Port told a friend that Kovari had gone to Spain where his ex-boyfriend, Thierry Amodio, lived. Meanwhile, he let Kovari’s body lie in his apartment for a few days before moving it one night to a church courtyard nearby. The police dismissed his death as an accidental drug overdose.
In less than a month, Port would use exactly the same technique to rape and kill 23-year-old Daniel Whitworth, a chef he met on the dating site Fitlads.com. Port then created an elaborate backstory to connect the two deaths and erase his own role in them.
He first deposited Whitworth’s body in the exact spot in the church courtyard as Kovari’s and planted a fake suicide note on him. The note claimed Whitworth had accidentally given an overdose of G to Kovari, and, overwhelmed by guilt and remorse, took his own life.
To cement this narrative, he went a step further. Using a fake identity on Facebook, Port fed lies to Kovari’s ex-boyfriend, Amodio. He told Amodio that Kovari had met Whitworth at a sex and drugs orgy. He suggested that Whitworth killed Kovari and then committed suicide. Amodio passed on the information to the police and John Pape, a friend of Kovari’s who was a witness in the case. The police believed the suicide narrative and didn’t investigate further.
“It’s disturbing, vindictive, malign, psycho madness to murder someone and then to engage with their former boyfriend,” Pape tells A&E True Crime. “It goes beyond someone trying to cover their tracks.”

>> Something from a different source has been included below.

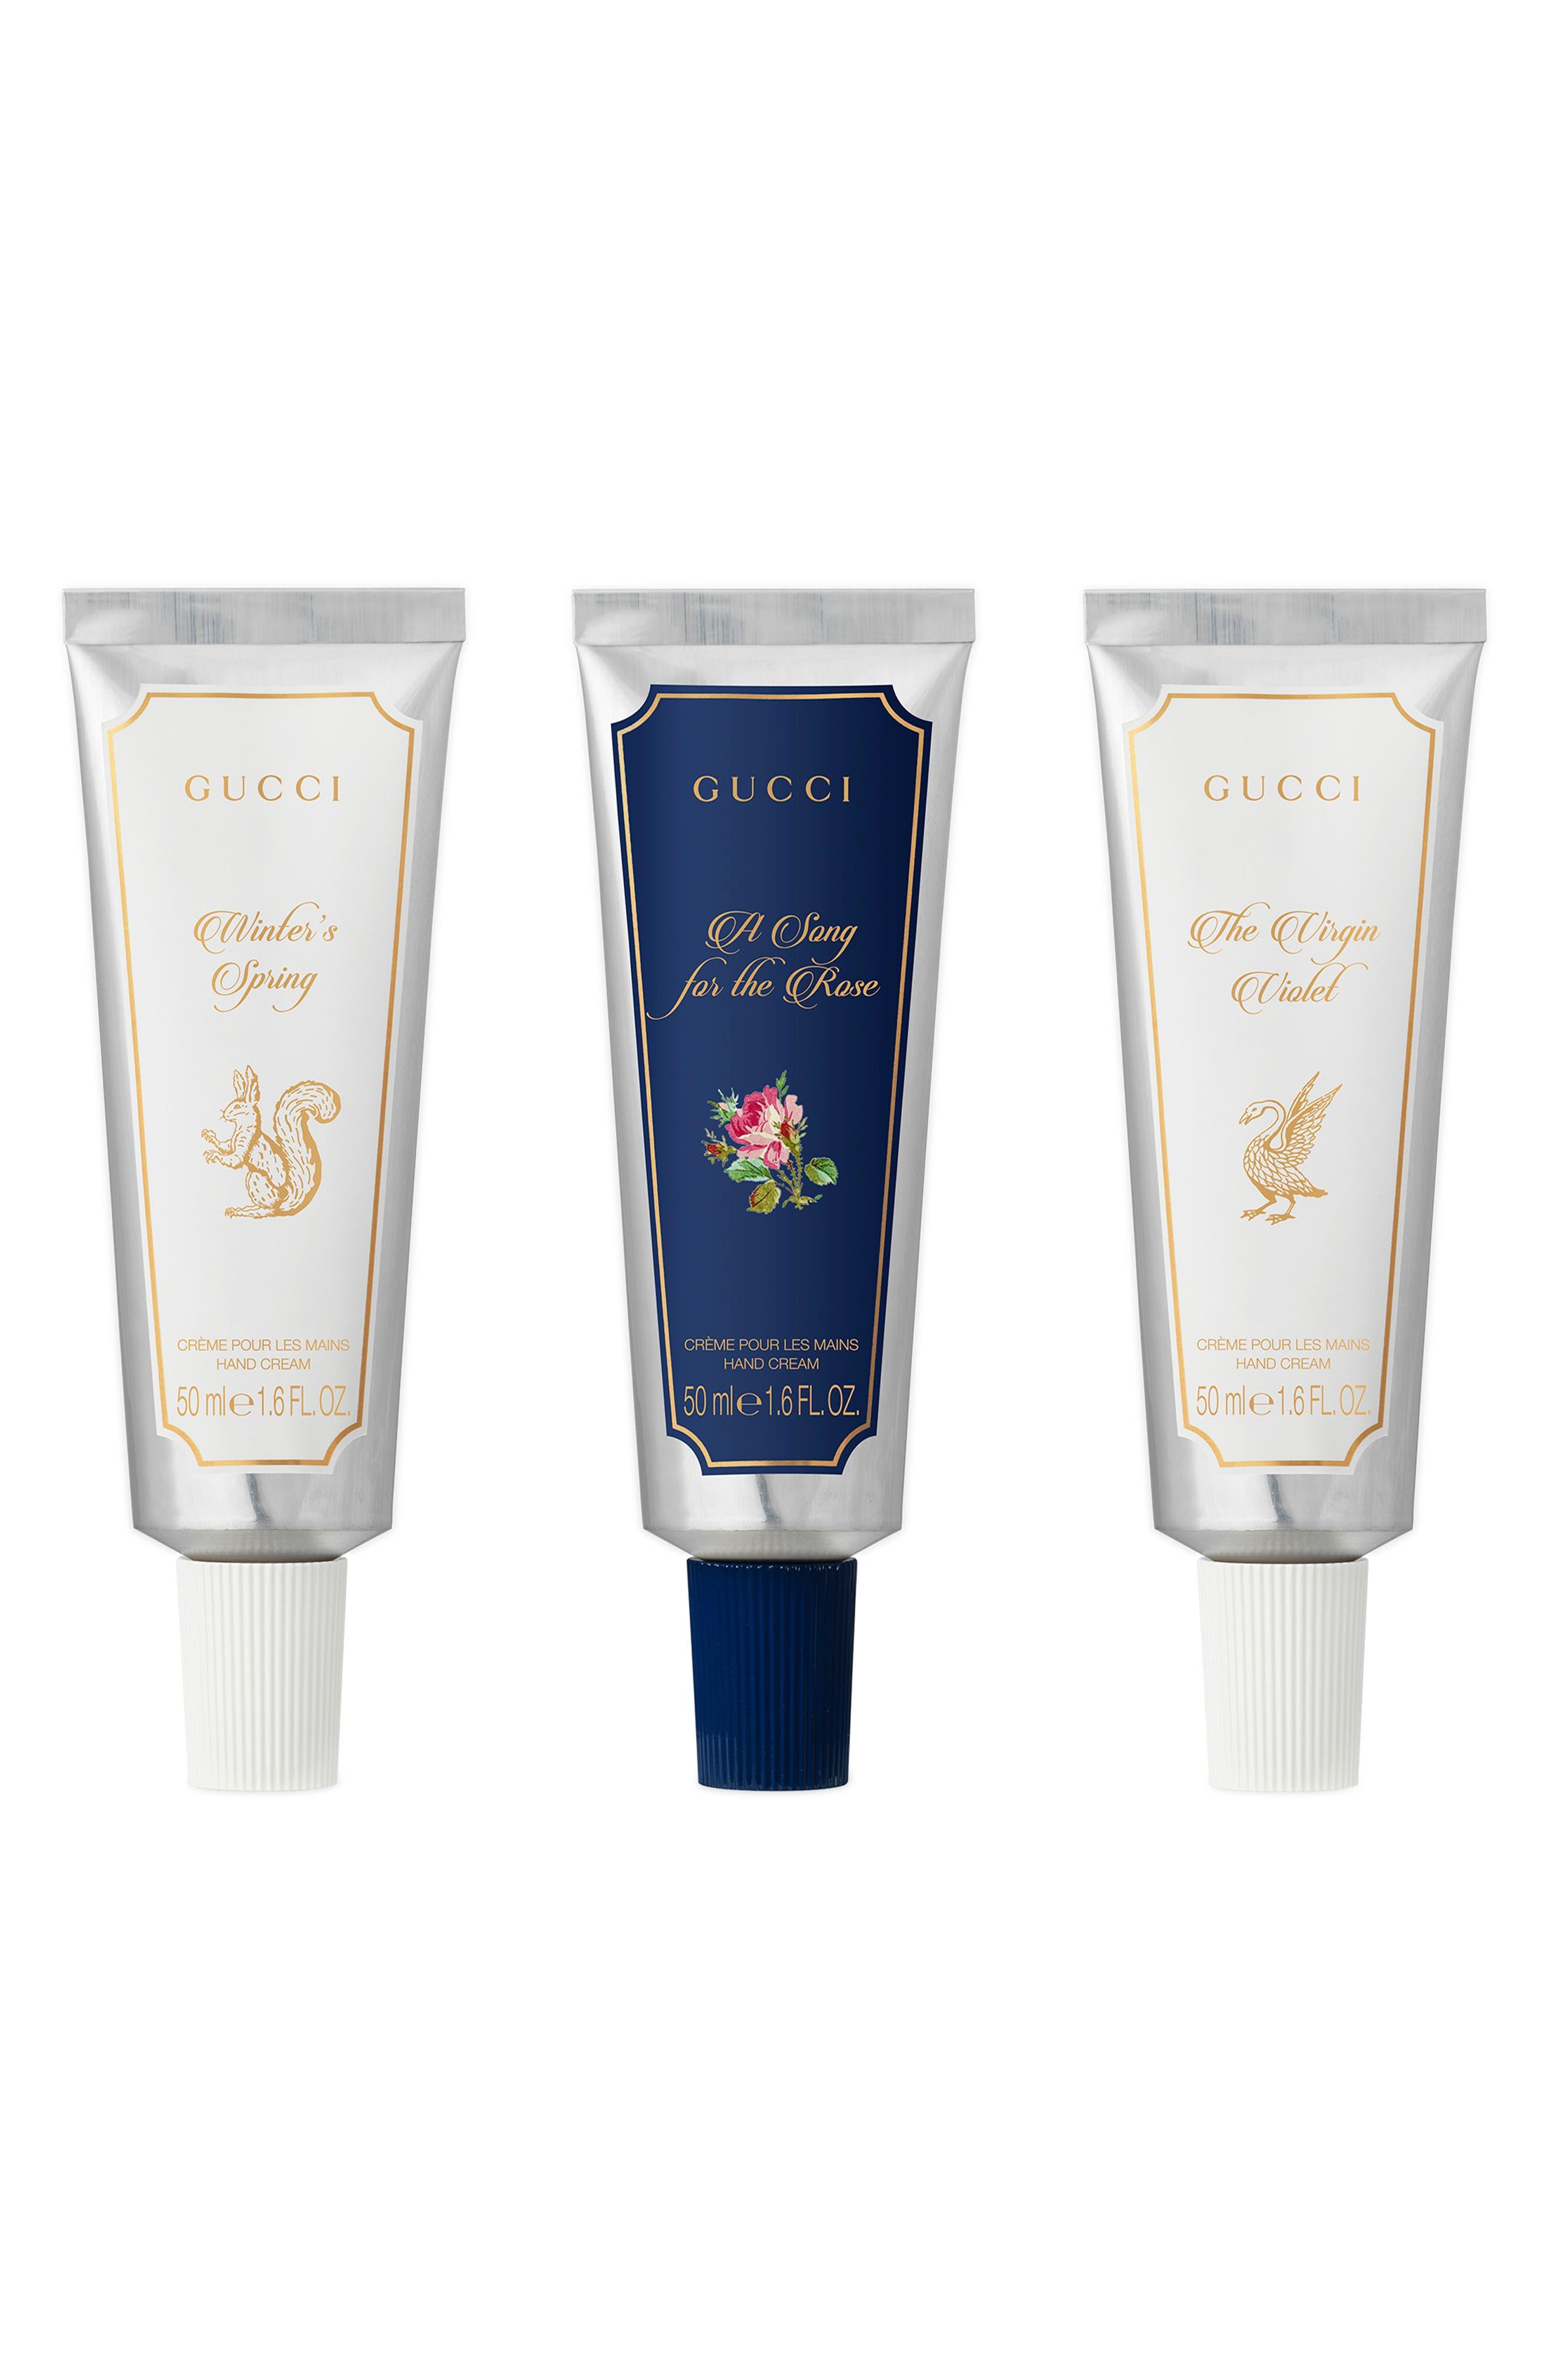 Gucci Alchemist Garden Hand Cream Set (Limited Edition), Size - One Size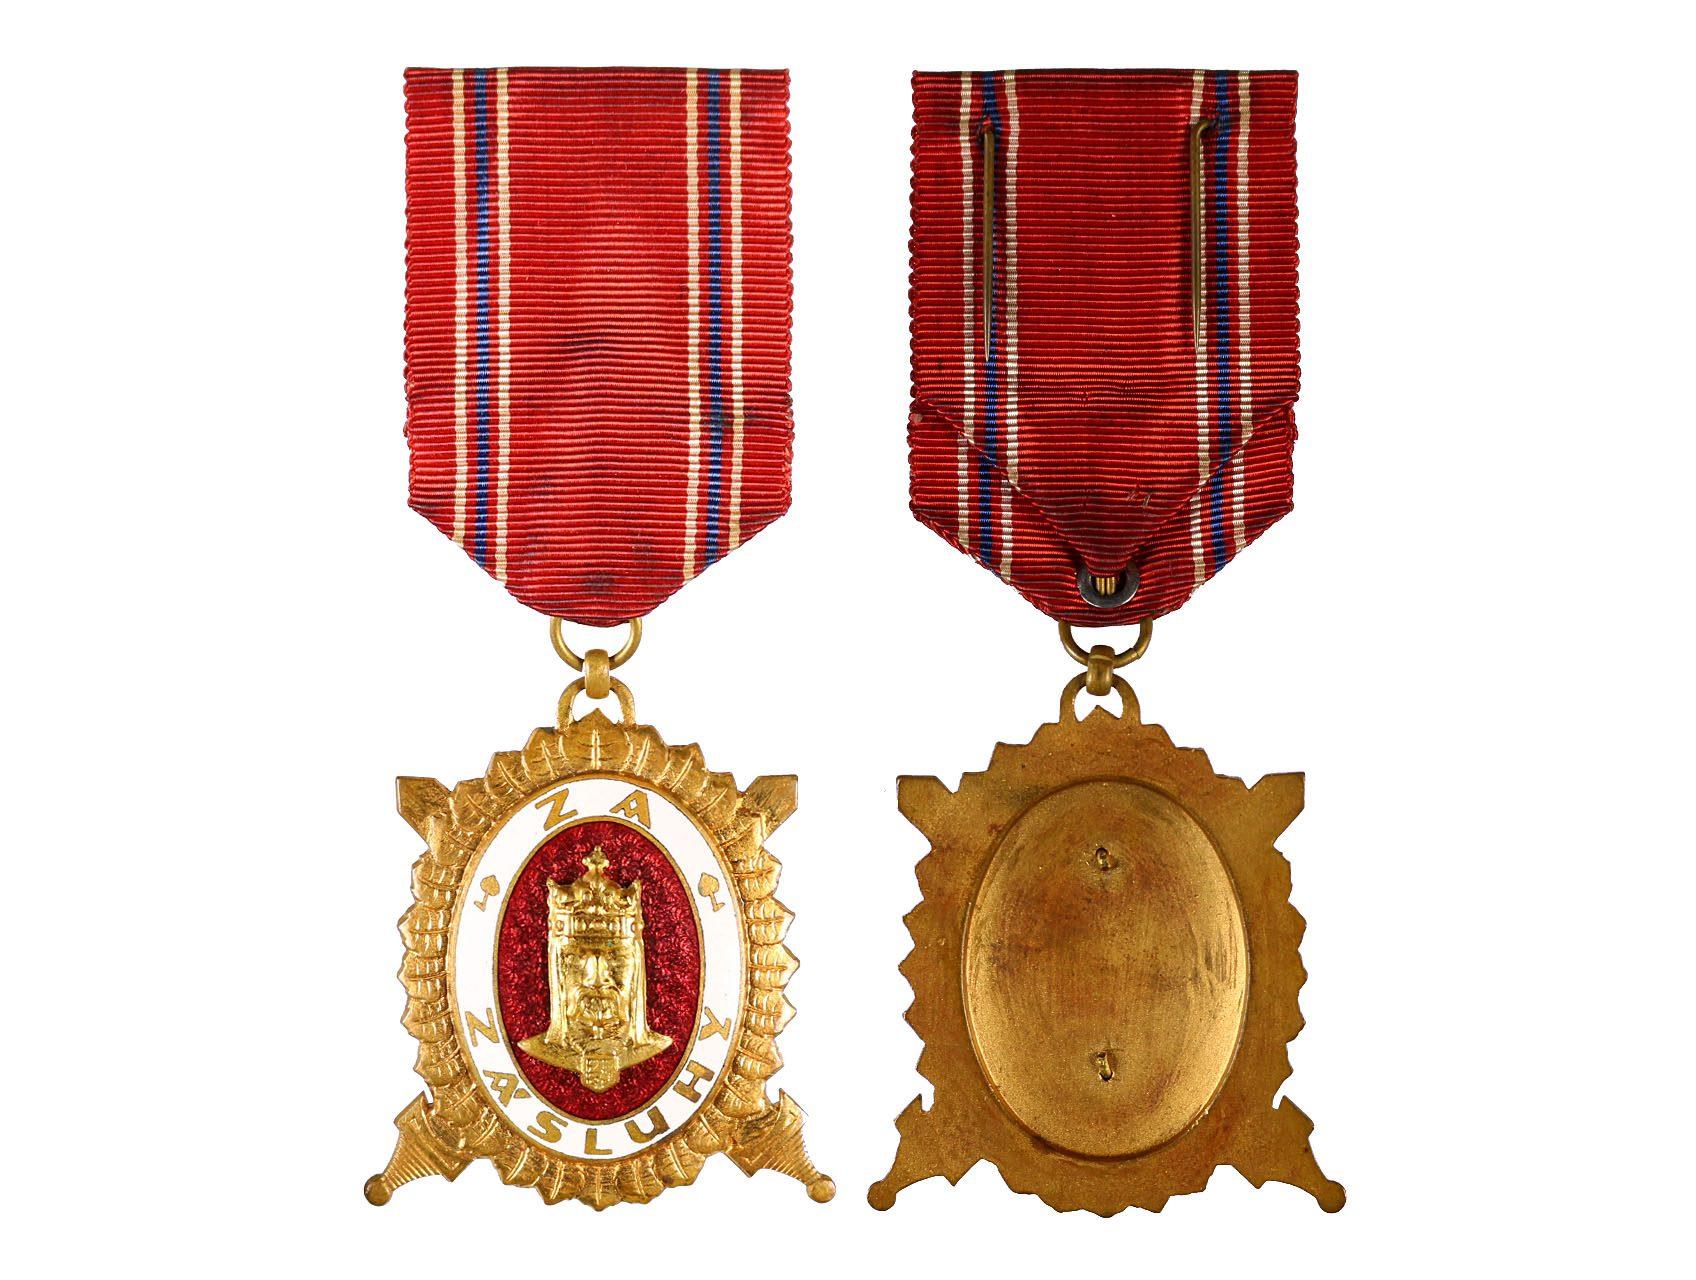 Diplomový čestný odznak krále Karla IV., stupeň čestný člen, Zlatý čestný odznak 1. třídy za civilní zásluhy, typ 1945-1949, N96a1b

“It’s an insight into what a monster he is.”
A Familiar Pattern
In the months after these murders, Port drugged and raped several more men he met on Grindr, as well as some of his long-term boyfriends, and even filmed these encounters while his victims were unconscious. The police found 83 such home videos on his cellphone.
Almost a year after he had murdered Whitworth, Port met Jack Taylor, a 25-year-old forklift driver, on Grindr. What followed was the now-familiar pattern of drugging, rape and murder, ending with a staged drug overdose at the same church courtyard.
It was only in November 2015 that police arrested Port and connected him to all the murders, after they had missed multiple opportunities to stop his crimes. They initially dismissed this murder as an accidental drug overdose too. But Taylor’s sisters campaigned to get the police to investigate the man seen in CCTV footage walking with the victim a day before he turned up dead. That man was Stephen Port.
“The police should be embarrassed,” says Pape. “When you think they had him in after the first death, you know he is not someone equipped to outsmart a police detective.”
“He should have never made it to four.”
A fresh inquest to examine all four deaths and any police failings will take place in January 2021. Port, meanwhile, was sentenced to life in prison without the possibility of parole.